To create a lexer for the dot language I am going to use lexmachine a library I wrote for creating lexers. lexmachine handles all the tricky bits of converting regular expressions into Non-Deterministic Finite Automata (NFA) and using the the NFA to tokenize strings. It also provides the aformentioned "escape hatch" to deal with non-regular Token specifications.

Let's get started!

The Implementation

As a reminder, the implementation is written in Go. In your workspace, create a new package called dot:

$ mkdir dot
$ cd dot

Now create a file for the lexer:

$ touch lexer.go

All of the code for the lexer is going in lexer.go.

Preamble

To begin, put in the package directive and import the lexmachine and machines packages. I also import the standard library packages fmt and strings.

package dot

import (
    "fmt"
    "strings"
)

import (
    lex "github.com/timtadh/lexmachine"
    "github.com/timtadh/lexmachine/machines"
)

Note how I group the imports. In general, have three groups of imports. The first group is for standard library packages, the second for third party, and the third group is for other packages in your code.

Defining the Tokens

Next, I create global variables and initialize them. They contain the literal tokens, the keywords, the token names, and a mapping from the names of the tokens to their type ids. Finally, there is a variable Lexer *lex.Lexer which will hold our Lexer object once constructed.

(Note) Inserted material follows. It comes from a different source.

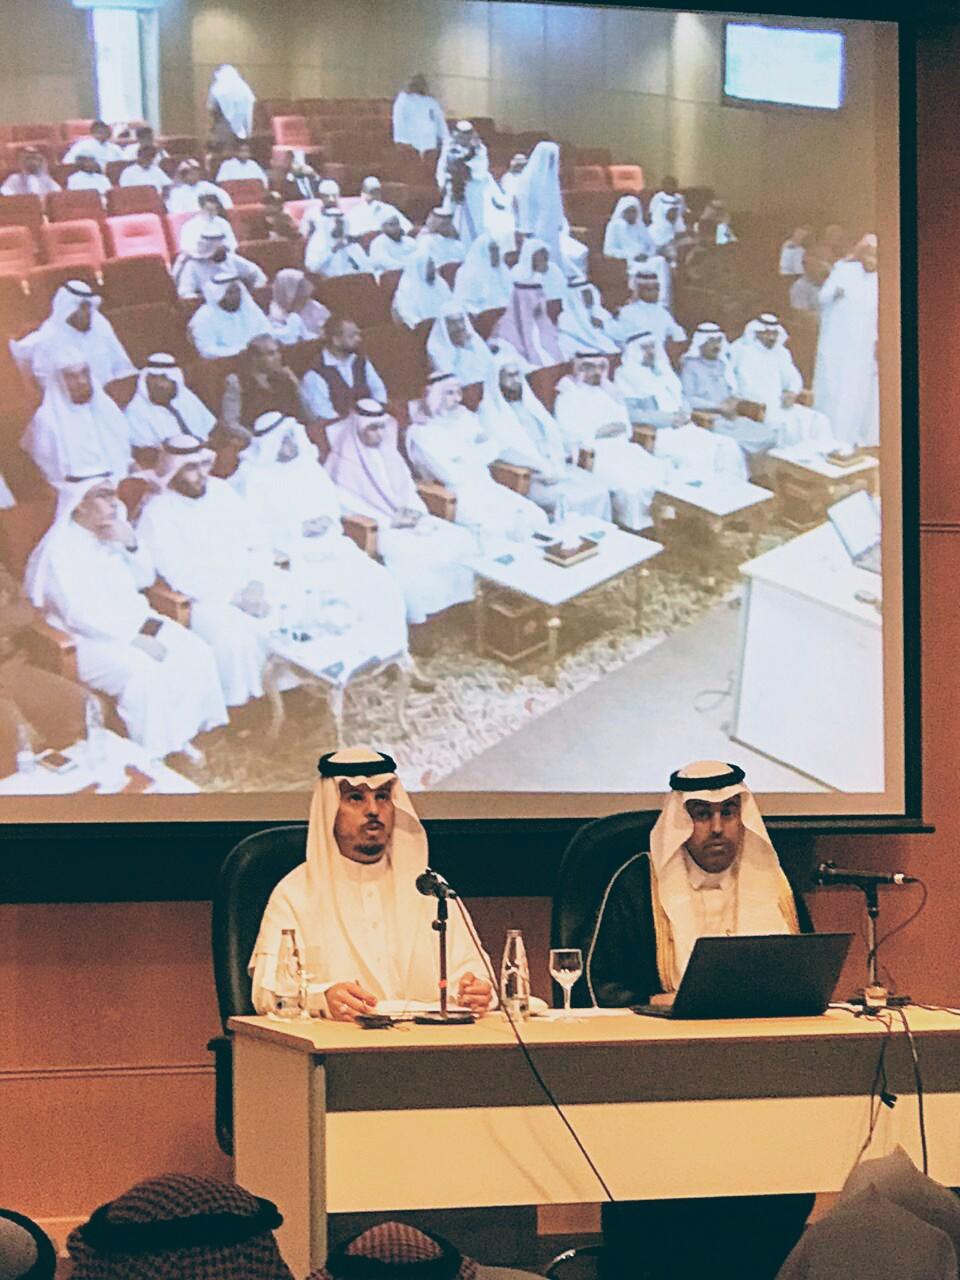 البرلمان العربي للمملكة دوري تاريخي ومحوري في نُصرة قضايا الأمة العربية وصيانة الأمن القومي العربي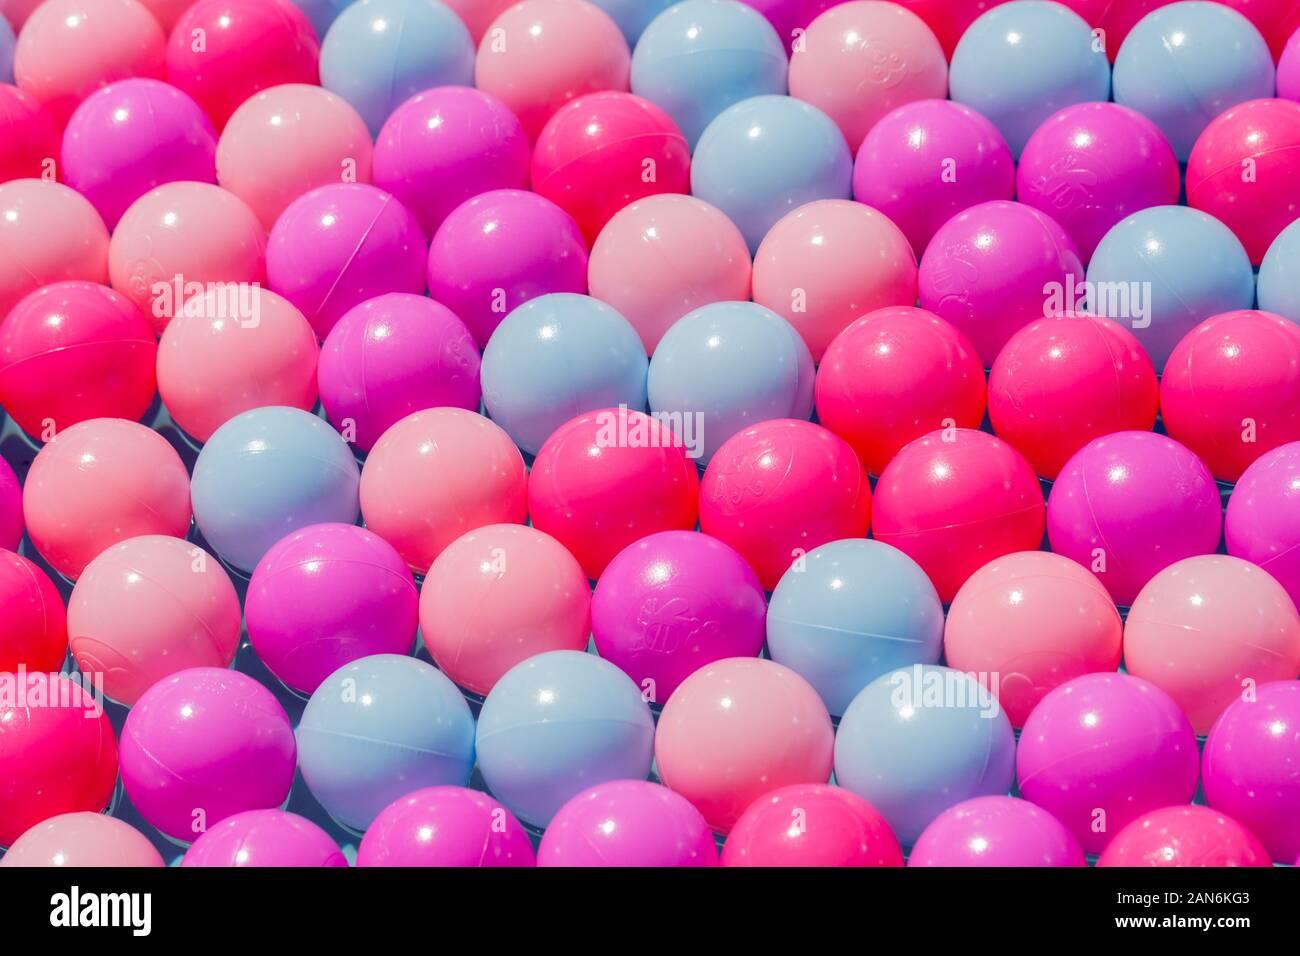 Sfere di plastica di vari colori perfettamente allineati in diverse file. Concetto. Simbolo di unità, perfezione, diversità, alginment, essere diversi. Foto Stock

var Literals []string // The tokens representing literal strings
var Keywords []string // The keyword tokens
var Tokens []string // All of the tokens (including literals and keywords)
var TokenIds map[string]int // A map from the token names to their int ids
var Lexer *lex.Lexer // The lexer object. Use this to construct a Scanner

To initialize the lists of tokens we are going to need a function. The reason is although, Literals and Keywords could be defined in place the rest of the variables cannot be.

func initTokens() {
    Literals = []string{
        "[",
        "]",
        "{",
        "}",
        "=",
        ",",
        ";",
        ":",
        "->",
        "--",
    }
    Keywords = []string{
        "NODE",
        "EDGE",
        "GRAPH",
        "DIGRAPH",
        "SUBGRAPH",
        "STRICT",
    }
    Tokens = []string{
        "COMMENT",
        "ID",
    }
    Tokens = append(Tokens, Keywords...)
    Tokens = append(Tokens, Literals...)
    TokenIds = make(map[string]int)
    for i, tok := range Tokens {
        TokenIds[tok] = i
    }
}

Right now, the initTokens() function is not being called. Later, I will show you how to call it on package initialization inside of an init function.

Defining the Lexer

Creating a new lexer object is straight forward.

lexer := lex.NewLexer()

The Lexer object has three methods:

func (self *Lexer) Add(regex []byte, action Action)
func (self *Lexer) Compile() error
func (self *Lexer) Scanner(text []byte) (*Scanner, error)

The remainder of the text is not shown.